Used vehicle sales are expected to increase between 20% and 30% in the last week of February as tax refund season begins, and sales are expected to remain elevated through mid-April, an economist said.
In a fourth-quarter conference call on the Manheim Used Vehicle Value Index, Jonathan Smoke, chief economist of Cox Automotive, provided guidance on car sales during the tax refund season. Meanwhile, Zohaib Rahim, manager of economic and industry insights for Cox Automotive, discussed used vehicle prices for December and other market trends.
Used vehicle prices rose 1.5% in December, from November, Rahim said. This led the Manheim Used Vehicle Value Index to rise 2.5% in December, from the same month in 2018.
Smoke said tax refund season is expected to have fewer surprises in 2020. Over the past two years, the IRS distributed almost 50% of refunds by the ninth week of the year, which would be the last week of February. Peak demand usually ended by the 16th week of the year, or mid-April, which is when about 90% of tax refunds have been distributed. Sales have increased the most for more affordable vehicles, such as compact and mid-size vehicles.
Smoke expects the values to be more normal in 2020 compared to previous years, with the used vehicle value index rising 1.5%. Some risks to the estimate include an economic downturn or new tariffs on automobiles or parts. Rahim said new vehicle prices reach a peak in December, and used vehicle prices typically come to a peak in March and April as sales rise during tax refund season. In recent years, used vehicle prices also have risen in the summer.
Used vehicle prices typically rise on average of about 2% annually as a result of an increase in new vehicle prices, Rahim said. Cars comprise the largest share of vehicles sold in the used car market. Demand remains strong but supply has been falling. Meanwhile, SUVs comprise the largest share of vehicles sold in the new car market. Smoke expects the supply of used cars to continue to fall as SUV sales continue to dominate the new car market.

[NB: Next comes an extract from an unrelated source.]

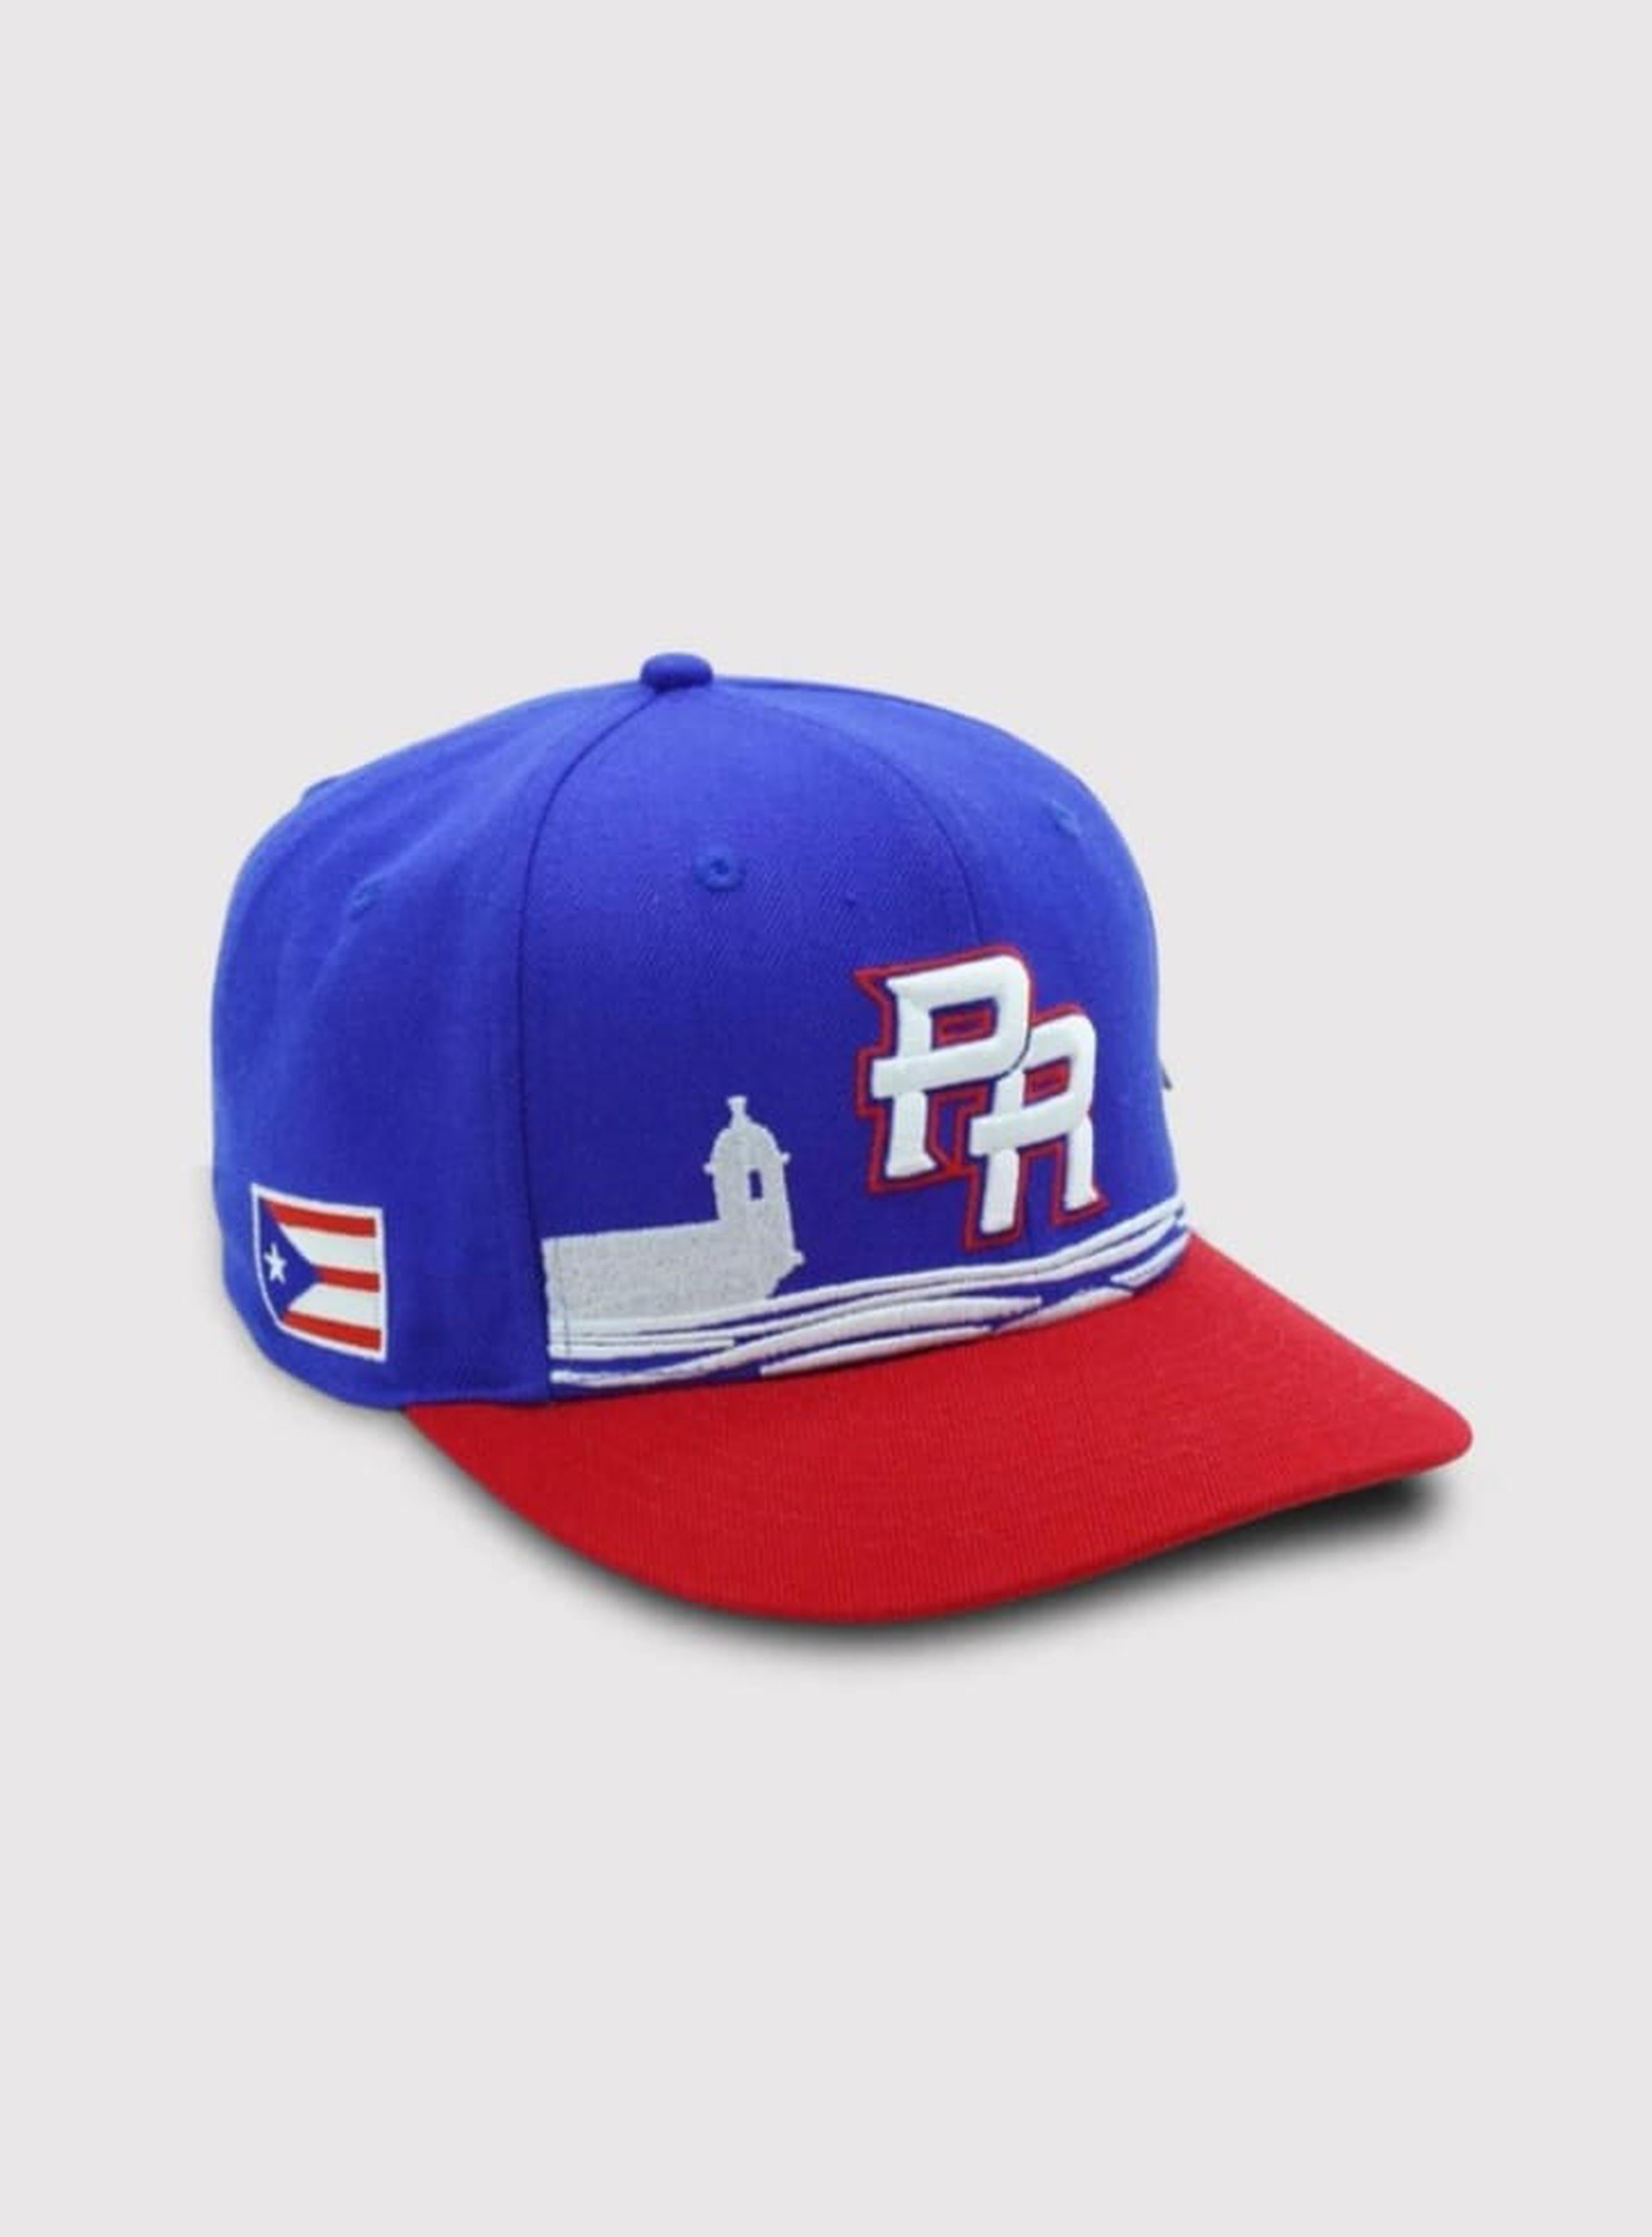 Esta será la gorra del uniforme alterno del equipo de PR para el Clásico Mundial de Béisbol.

Retail sales of used vehicles, which represent used car dealer sales, are expected to rise to 20.3 million vehicles in 2020, from 20 million in 2019. In the second quarter of fiscal 2020, which ended Oct. 31, Bentonville-based America’s Car-Mart reported vehicle sales rose 8.7% to 13,763 vehicles, from the same period in the previous year. Earnings for the buy here, pay here used car dealer rose 23.1% to $13.88 million. Revenue increased by 13.8% to $190.31 million.
Smoke said the growth in used vehicle sales in 2020 is most likely to come from 5- to 8-year-old vehicles, compared to recent years in which the growth could be attributed to vehicles that are up to 4 years old. Total used vehicle sales are expected to decline to 39.4 million vehicles in 2020, from 39.6 million in 2019, according to Cox Automotive.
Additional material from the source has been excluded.